Open, warm, cosmopolitan: that’s how Alexander Denisov, project manager for the MYRRHA target facilities, describes the working environment at SCK CEN. “Inclusivity is key here,” says Denisov. “After all, the MYRRHA project team comprises scientists, engineers and other specialists from across the EU, Eastern Europe, UK, Africa, Asia and North America. It’s very much a cross-disciplinary and multicultural melting pot.”

Equally important, especially for young scientists and engineers, is the opportunity that MYRRHA presents to do unique and rewarding work. “The MYRRHA project is a trail-blazer in many ways,” he adds, “so talented scientists and engineers are well positioned as they seek to establish and build their professional reputation.”

As with all big science initiatives, collaboration is hard-wired into MYRRHA’s collective DNA. Early-career researchers and engineers, for example, are often required to engage directly with the project’s scientific advisory boards as well as MYRRHA’s scientific partners (the likes of CERN, TRIUMF and ESS) and the facility’s nascent community of research users.

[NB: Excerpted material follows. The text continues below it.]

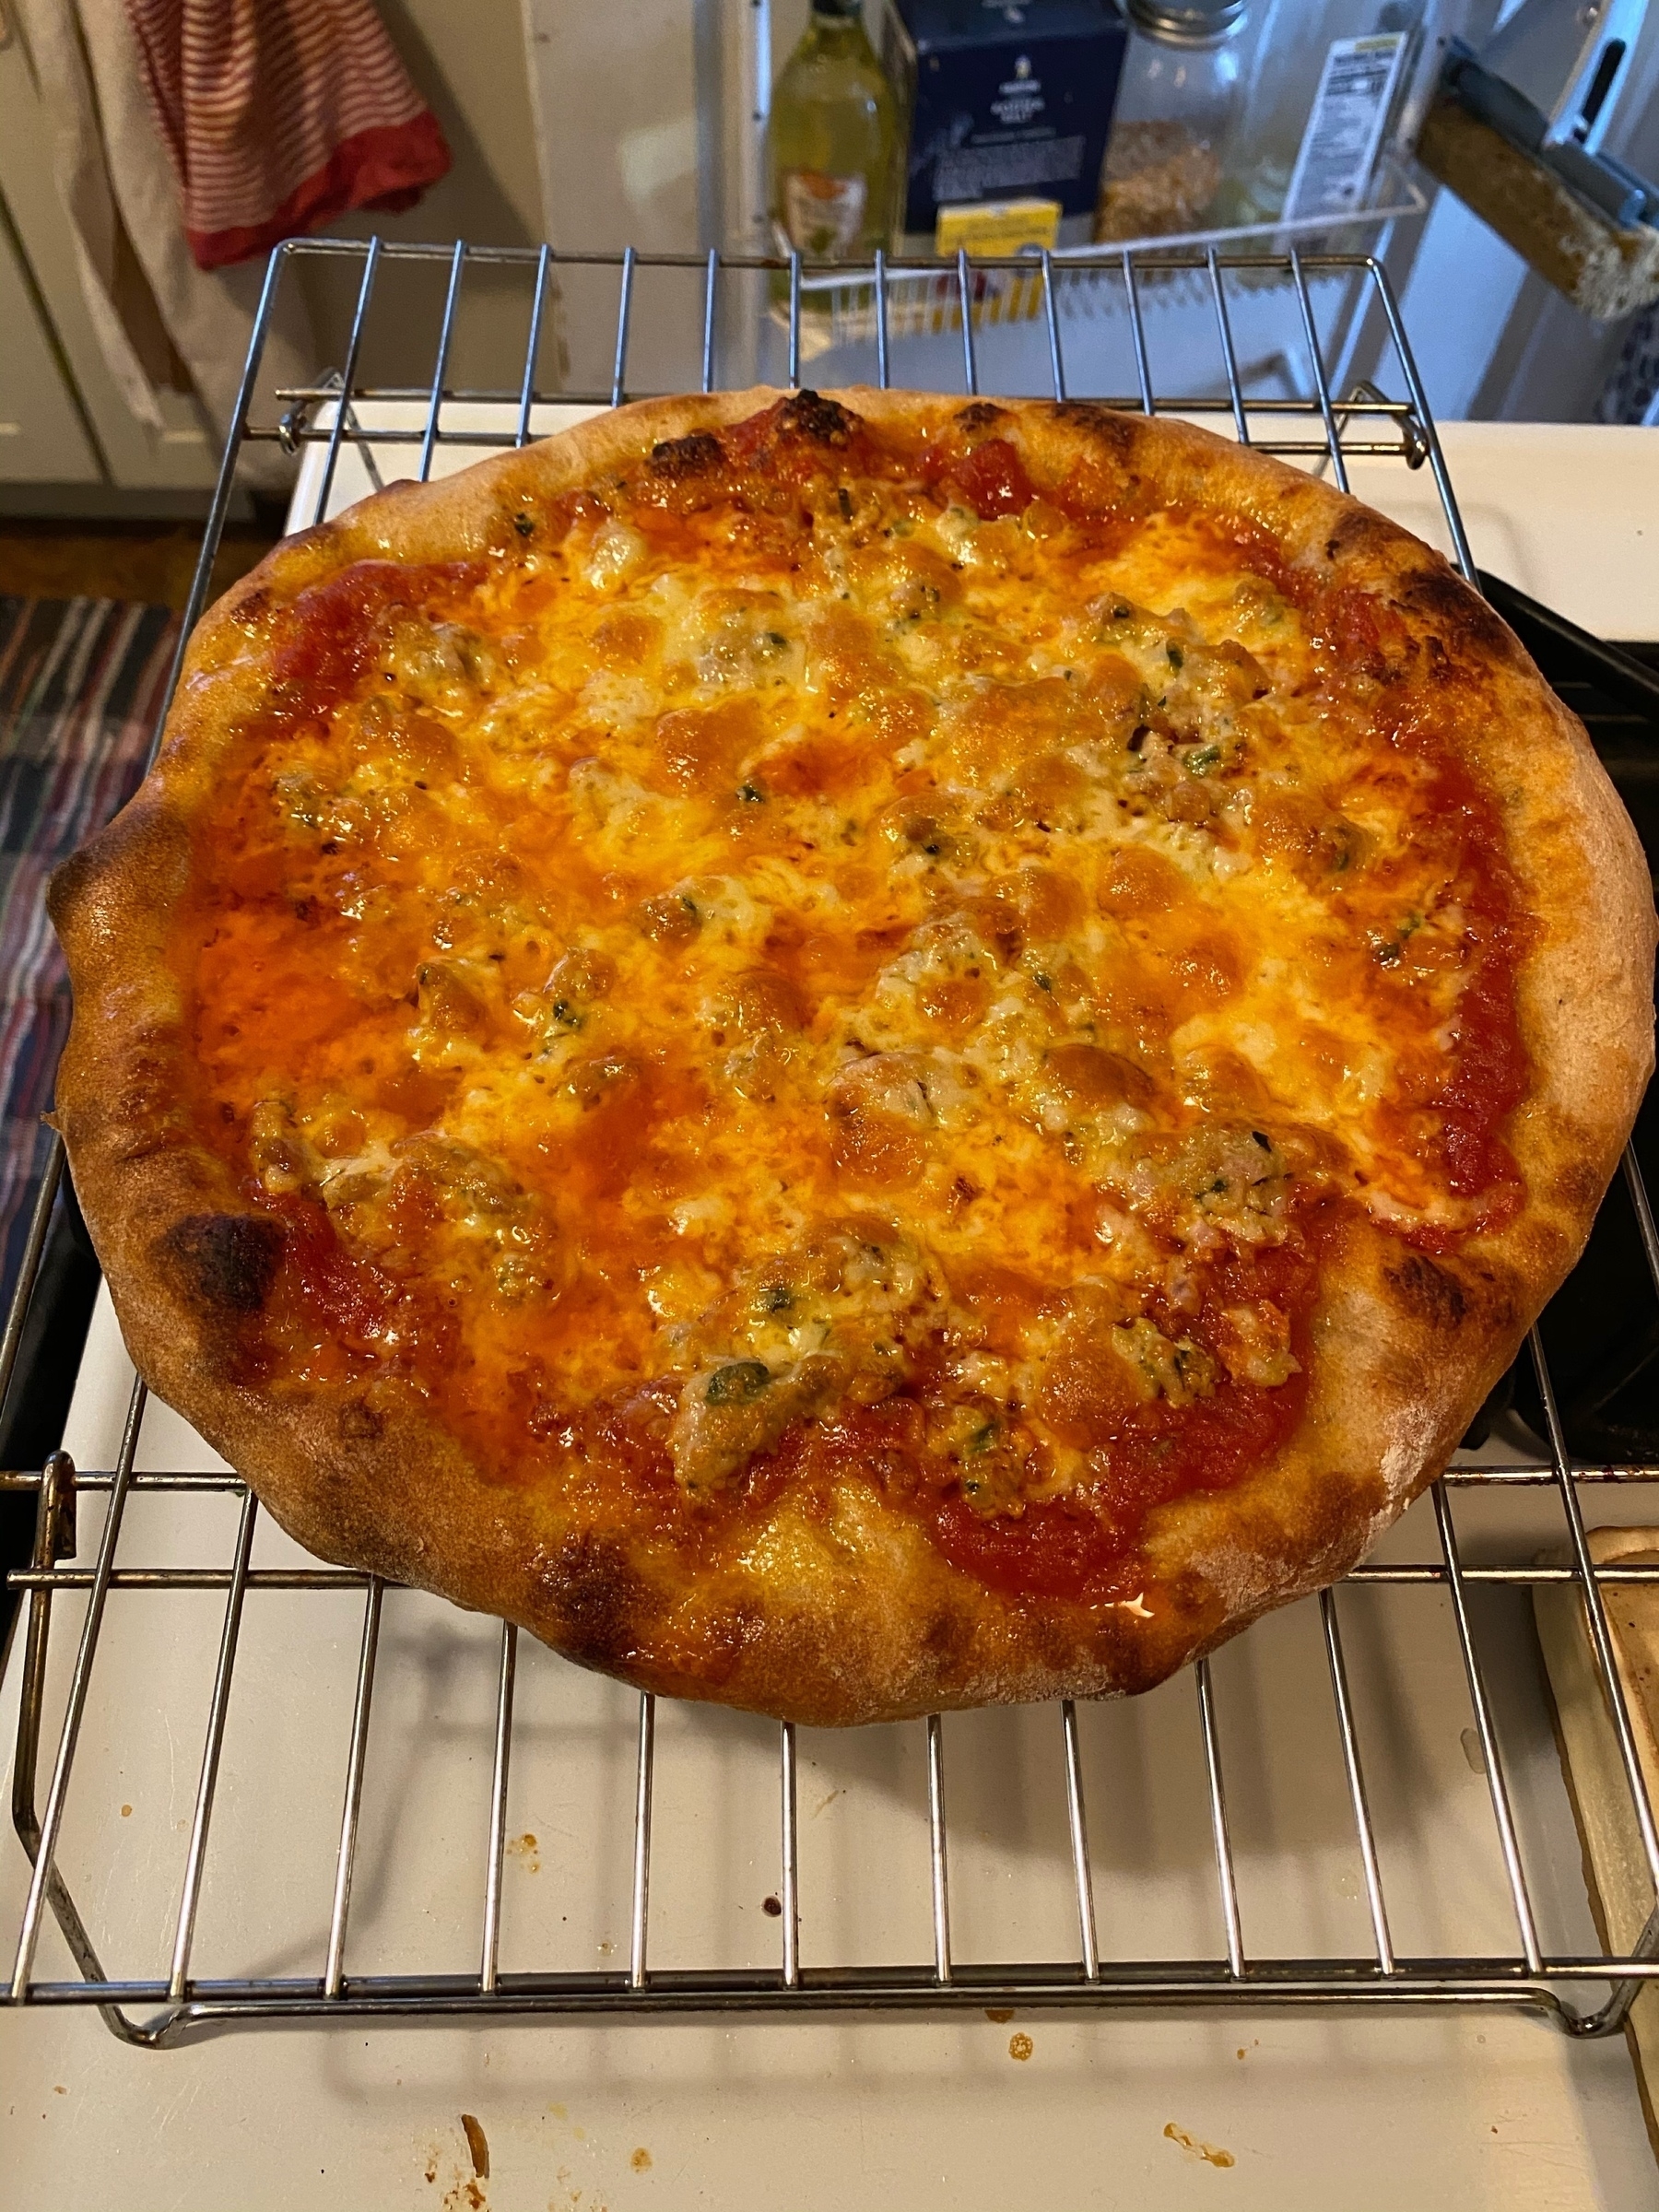 Another small pizza on a cooling rack.

“We’re well funded and moving fast towards our near-term goal of delivering MINERVA by the end of 2026,” notes Denisov. “For sure, MYRRHA team members will be able to tackle all sorts of challenges – across R&D, design, construction, commissioning and acceptance – that they will not encounter anywhere else.”

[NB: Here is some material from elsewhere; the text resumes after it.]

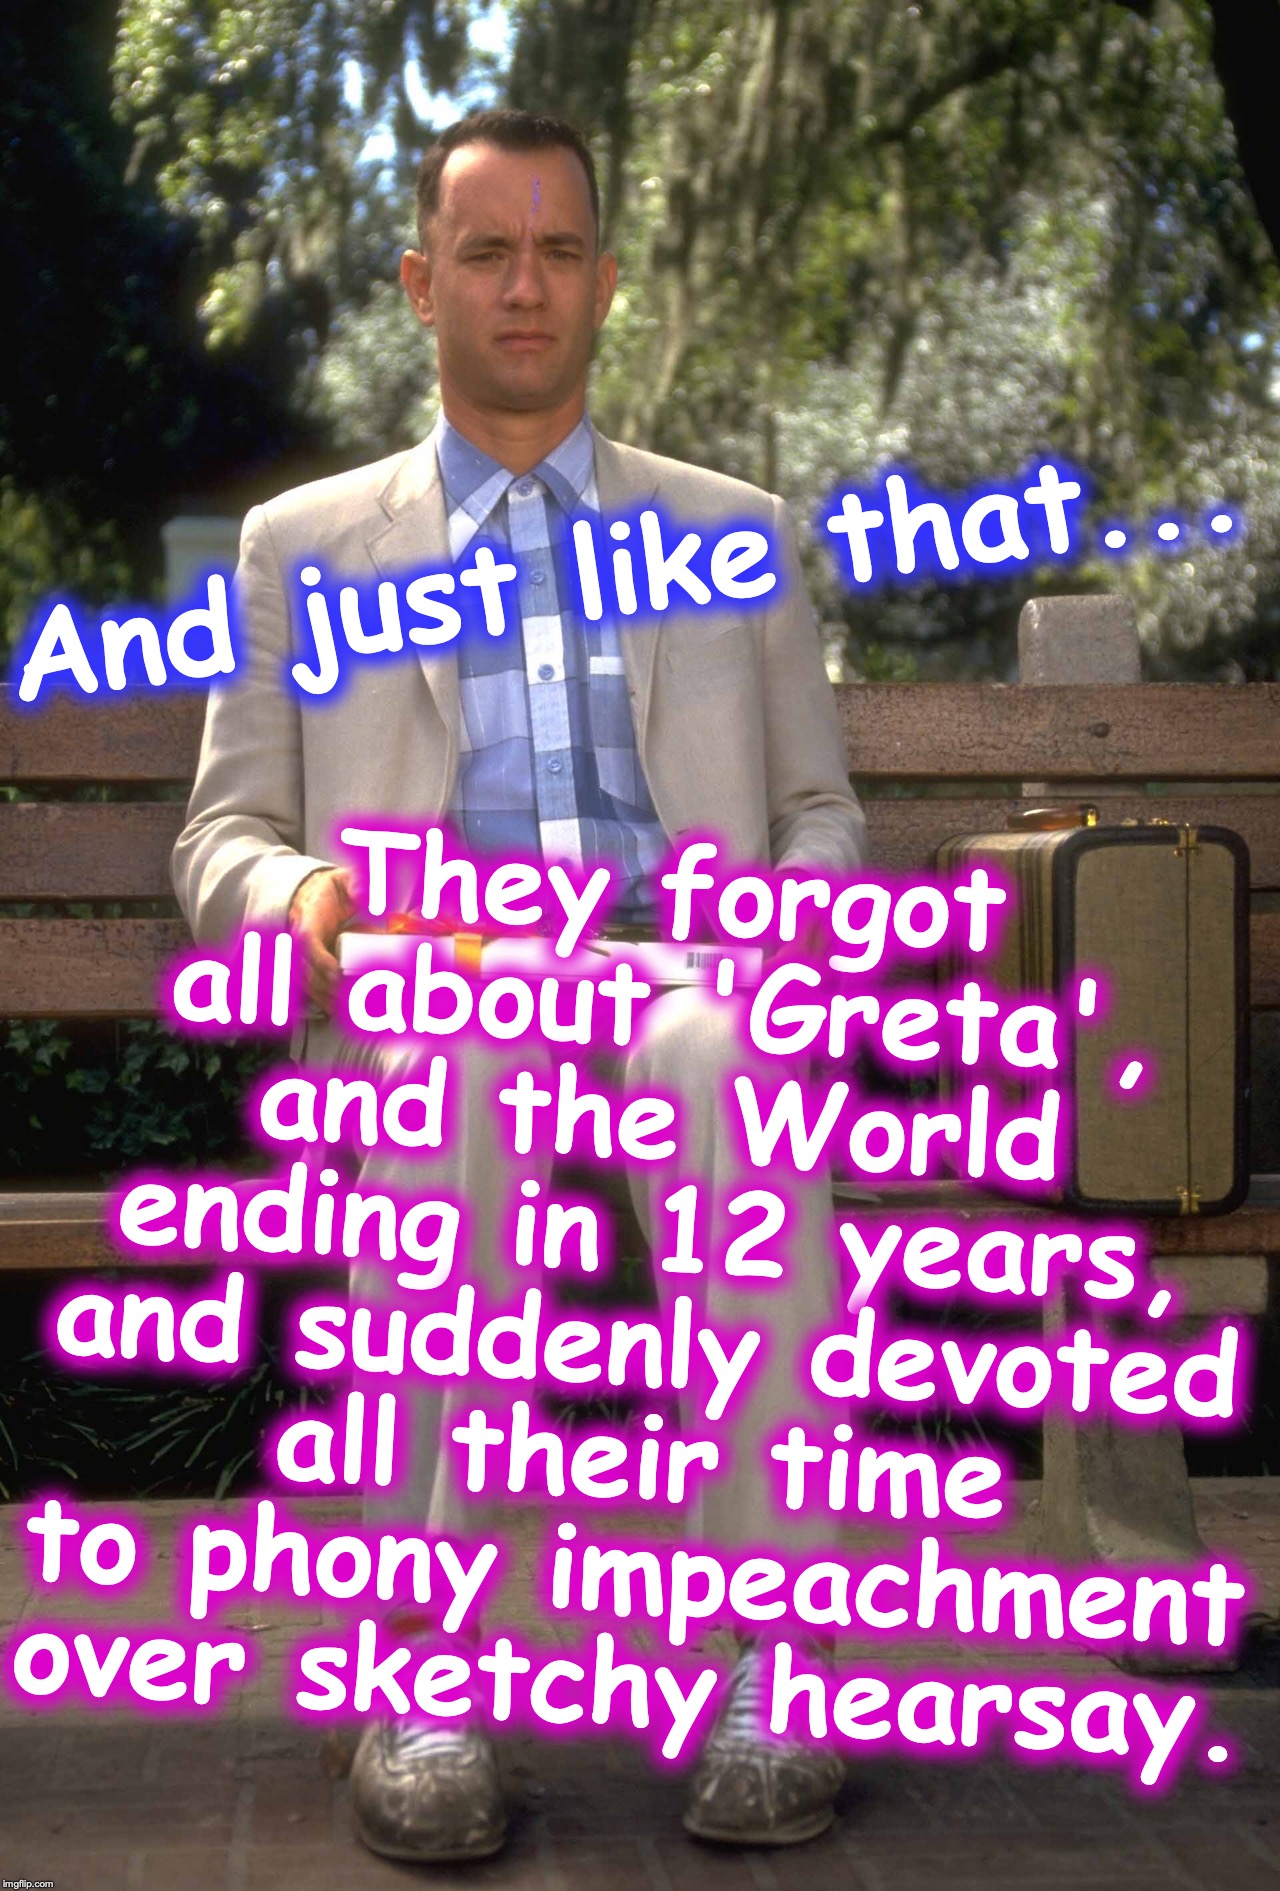 Forrest Gump | They forgot all about 'Greta', and the World ending in 12 years, and suddenly devoted all their time to phony impeachment over sketchy hearsay. And just like that... | image tagged in forrest gump | made w/ Imgflip meme maker

For Karolien Saenen, who coordinates the building design and associated infrastructure for MINERVA’s scientific systems, it is the diversity of interactions on the project that is especially exciting – if sometimes challenging. “I need to work with multiple cross-disciplinary teams spanning research, engineering, project management and infrastructure,” she explains. “It’s a warm and welcoming community, though – a real collective effort where everyone is aligned and pulling in the same direction.”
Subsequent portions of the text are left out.